Perform repeated stratified k-fold cross-validation for model training and tuning
Source:R/machine_learning.R
compute_k_fold_CV.Rd
This function performs repeated stratified k-fold cross-validation on a dataset to train and tune hyperparameters for 13 machine learning methods. Optionally, it can also perform model stacking and Boruta-based feature selection. Performance is evaluated using user-specified metrics such as Accuracy, AUROC, or AUPRC.
Usage
compute_k_fold_CV(
model,
k_folds,
n_rep,
stacking = FALSE,
metric = "Accuracy",
boruta,
boruta_iterations = NULL,
fix_boruta = NULL,
tentative = FALSE,
boruta_threshold = NULL,
file_name = NULL,
LODO = FALSE,
ncores = NULL,
return = FALSE,
fold_construction_fun = NULL,
fold_construction_args = list()
)
Arguments
- model
A data frame containing features and a target column named 'target' corresponding to the response variable to predict.
- k_folds
Integer. Number of folds for k-fold cross-validation. Default is 5.
- n_rep
Integer. Number of repetitions of the k-fold cross-validation. Default is 100.
- stacking
Logical. Whether to perform model stacking. Default is FALSE.
- metric
Character.
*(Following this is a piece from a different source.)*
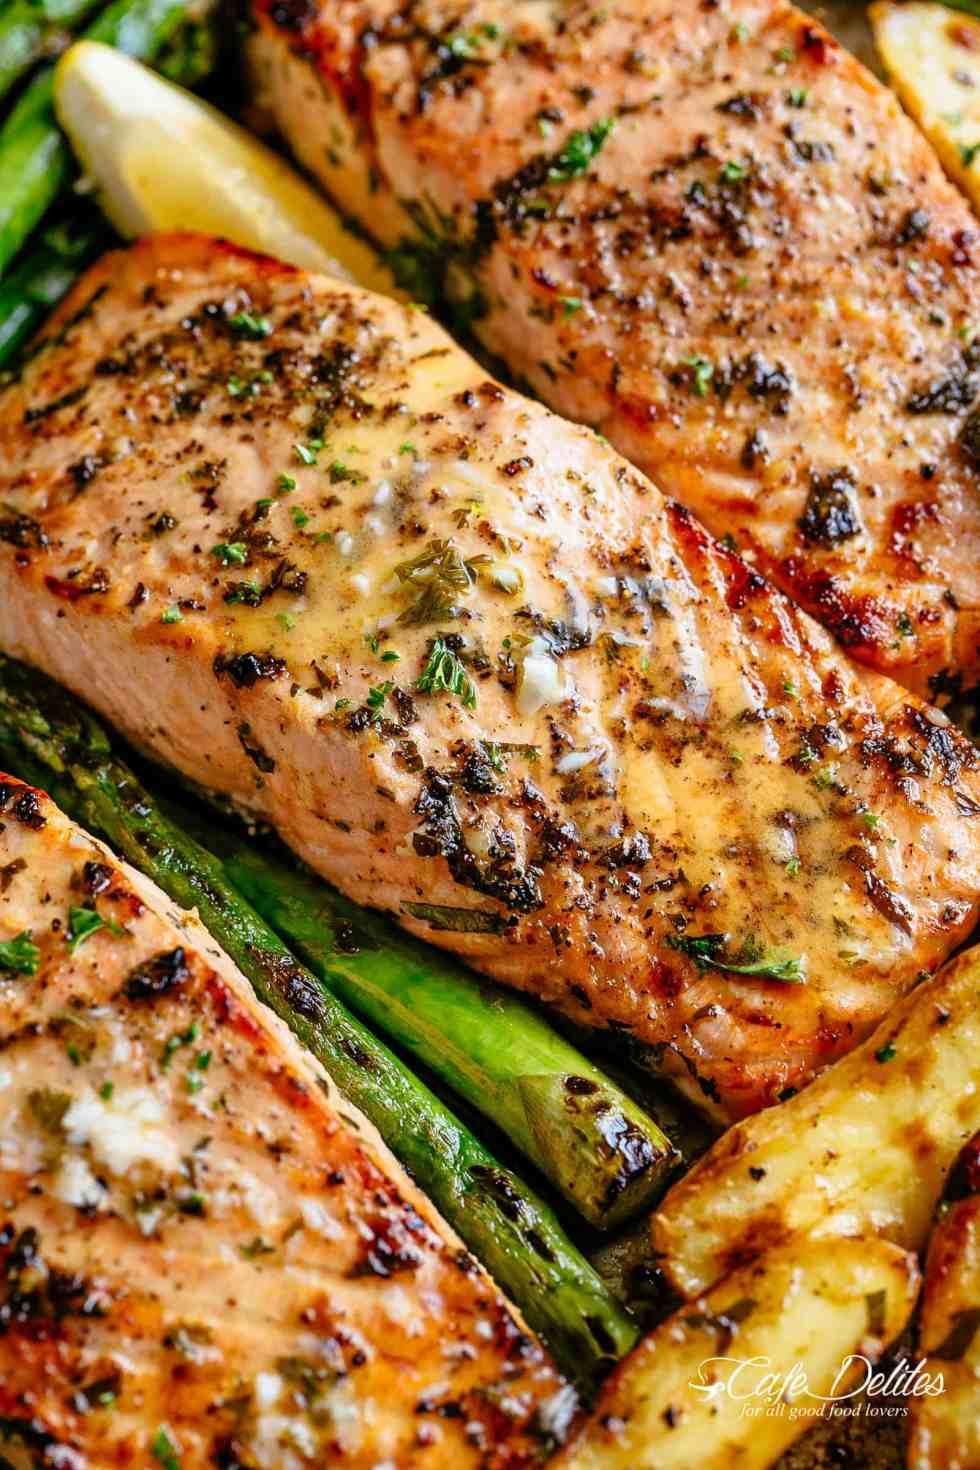 salmon baked butter garlic potatoes pan cook sheet oven asparagus sauce roast crispy

Metric used for hyperparameter tuning and model evaluation. Supported values are "Accuracy", "AUROC", and "AUPRC".
- boruta
Logical. Whether to apply Boruta for feature selection before model training. Note that many ML models handle feature importance internally, so prior selection is optional unless multicollinearity is a concern. Default is FALSE.
- boruta_iterations
Integer. Number of iterations to run Boruta. Since Boruta involves randomness, repeated runs improve consistency. Default is 100.
- fix_boruta
Logical. Whether to fix Boruta’s internal parameters. See
compute_boruta()
for details.- tentative
Logical. Whether to include tentative features as confirmed in the training dataset.
- boruta_threshold
Numeric. Threshold for confirming features after multiple Boruta iterations. For example, 0.8 means features must be confirmed in at least 80% of iterations. Default is 0.8.
- file_name
Character. File name used for saving output plots in the
Results/
directory.- LODO
Logical. If TRUE, performs Leave-One-Dataset-Out (LODO) cross-validation by stratifying folds based on cohort membership.
- ncores
Integer. Number of cores to use for parallelization. If not given, detectCores() - 1 will be used.
- return
Logical. Whether to return the results and generated plots.
- fold_construction_fun
Function. A custom function used to construct the cross-validation folds. It should return a list of training indices for each fold.
- fold_construction_args
List. Named list of additional arguments to pass to
fold_construction_fun
.
Value
A list containing:
Features used during training
The selected machine learning model
All trained machine learning models
If stacking = TRUE
, the list will also include:
Base models
Meta-learner
Matrix of weighted feature importance (see
calculate_feature_importance_stacking()
)